While China is stepping up its self-sufficiency drive in these critical areas, Simon noted that it “won't have the ability to manufacture the kinds of chips that are going to be needed to support some of this processing to support AI”.

Dohmen said: “The effect of the export controls on the hardware, which is necessary for the development of generative AI, could have short to medium term consequences in China and in their AI development.”

The future of research collaboration

However, Dohmen and others cautioned against seeing research and AI and AI development as a ‘black and white’ China-versus-the-US race.

“There is still a lot of US-China cooperation in joint publications and at conferences and in research labs,” Dohmen said.

“This may not be as robust as in the past,” she acknowledged, and US and other researchers cooperating with Chinese researchers will “need to take a more risk-based approach” to decide on whether or how to continue research collaboration with Chinese researchers.

She warned: “If you restrict the level of cooperation too much, it can potentially lead Chinese researchers to increasingly do joint research with third countries.”

This is already happening. Simon pointed to the acceleration of new joint research projects between China and universities in the United Arab Emirates and Saudi Arabia.

Wagner believes that research collaboration, including that between the US and China, will continue to underpin AI advances.
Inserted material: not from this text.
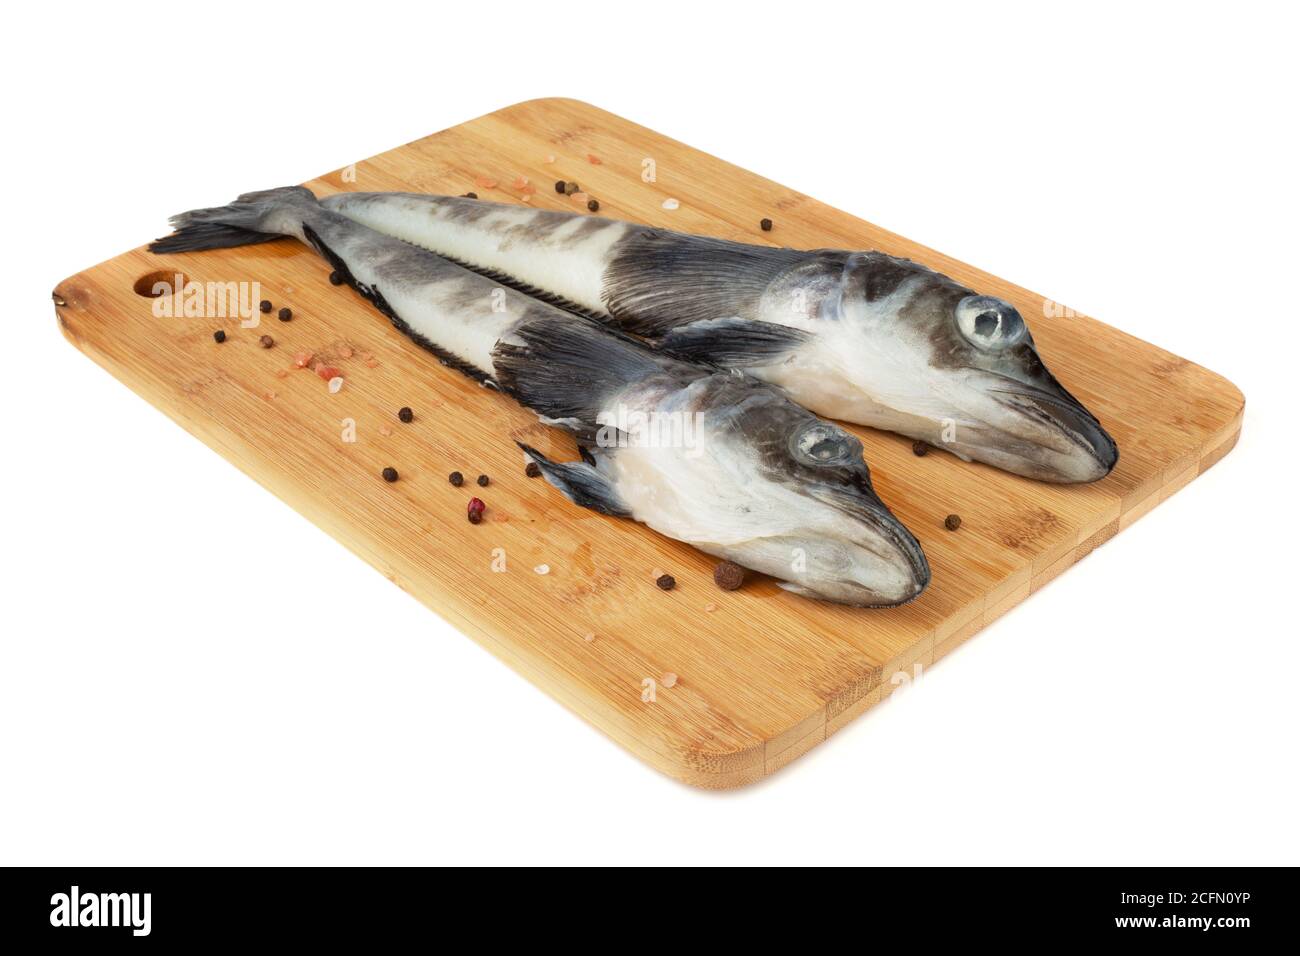 Fresh raw Mackerel Icefish ice fish on wooden cutting board isolated on white background Stock Photo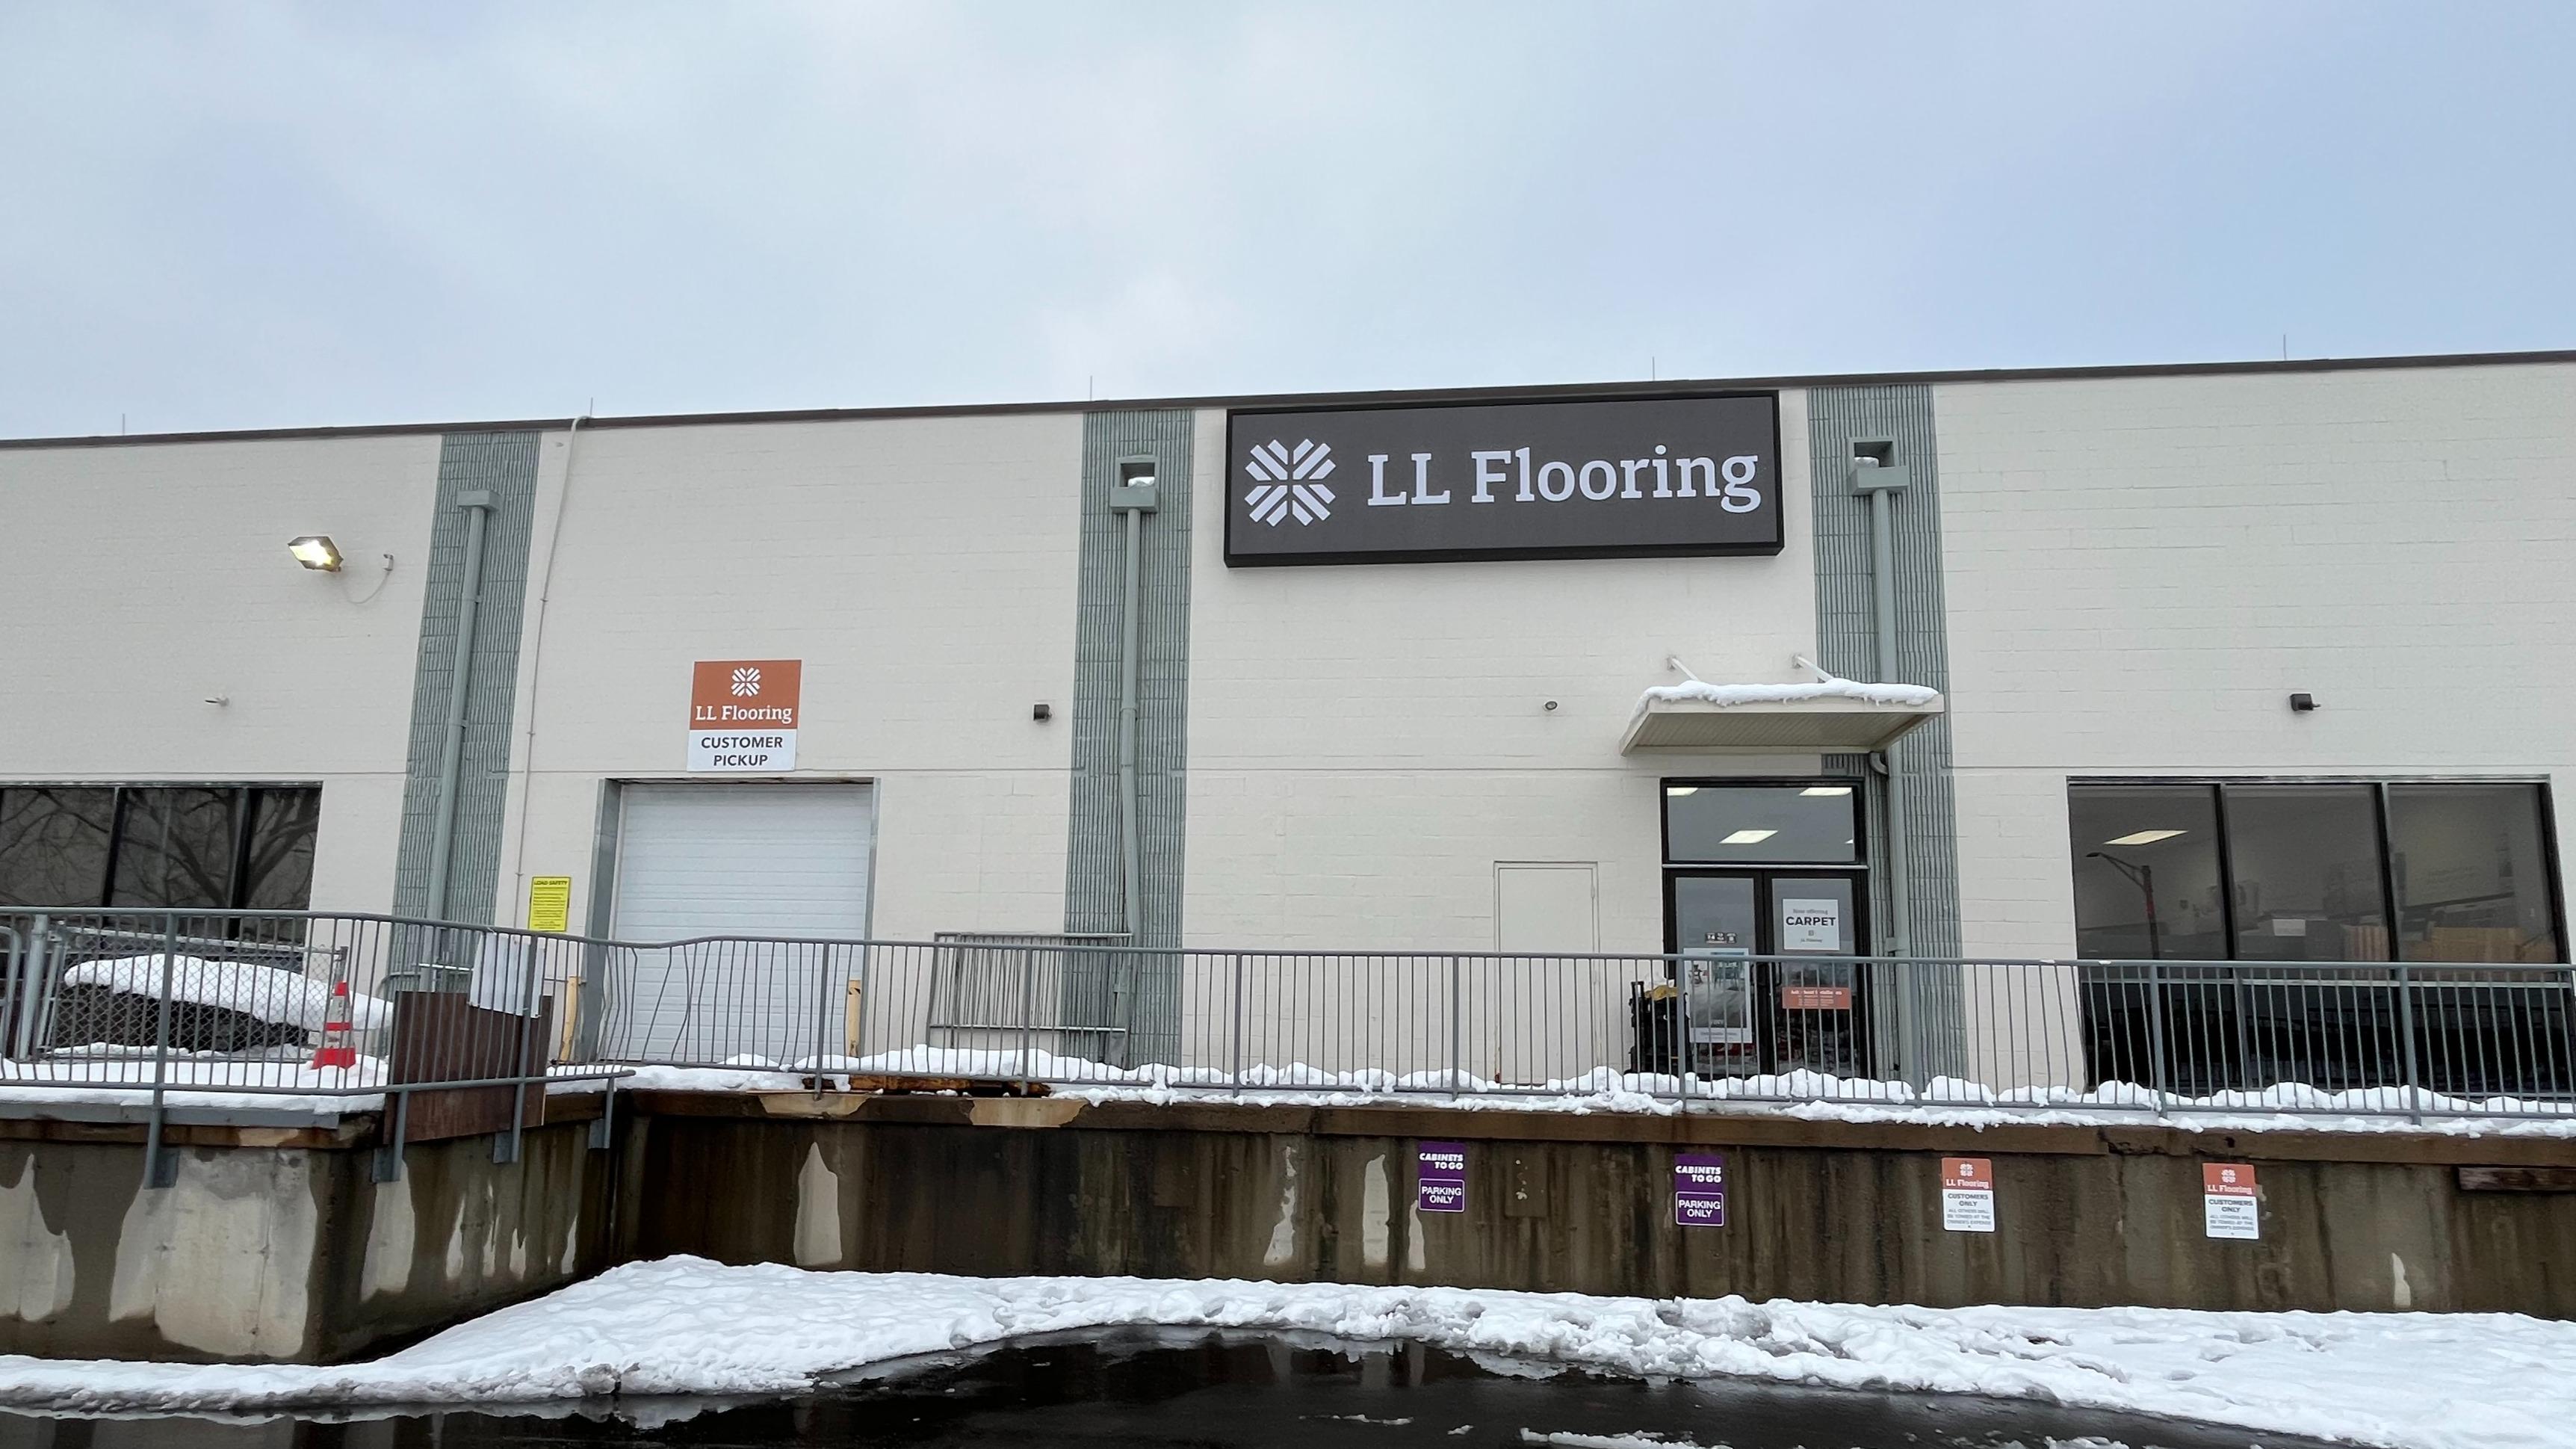 LL Flooring #1002 Hartford | 121 Brainard Road | Storefront

“What does it mean for a country to be ahead in a globalised knowledge system?” she asked rhetorically. “The political language [of competition] and concerns of who is ahead completely ignores the fact that the most advanced work is being done cooperatively between the two countries.

“I don’t see that retreating – at least not in the number of joint articles being published. These are pretty much staying the same or rising.”

Wagner acknowledged that given the climate in the US, there may be more caution around collaborations with China. But that did not mean they would stop altogether. “There are a lot of people who will keep going, just as they have always done.”

However, Simon and others doubt that research collaboration between China and the US can return to pre-COVID levels – particularly in AI, which is bound up with national security concerns. The geopolitical climate has altered too much for that.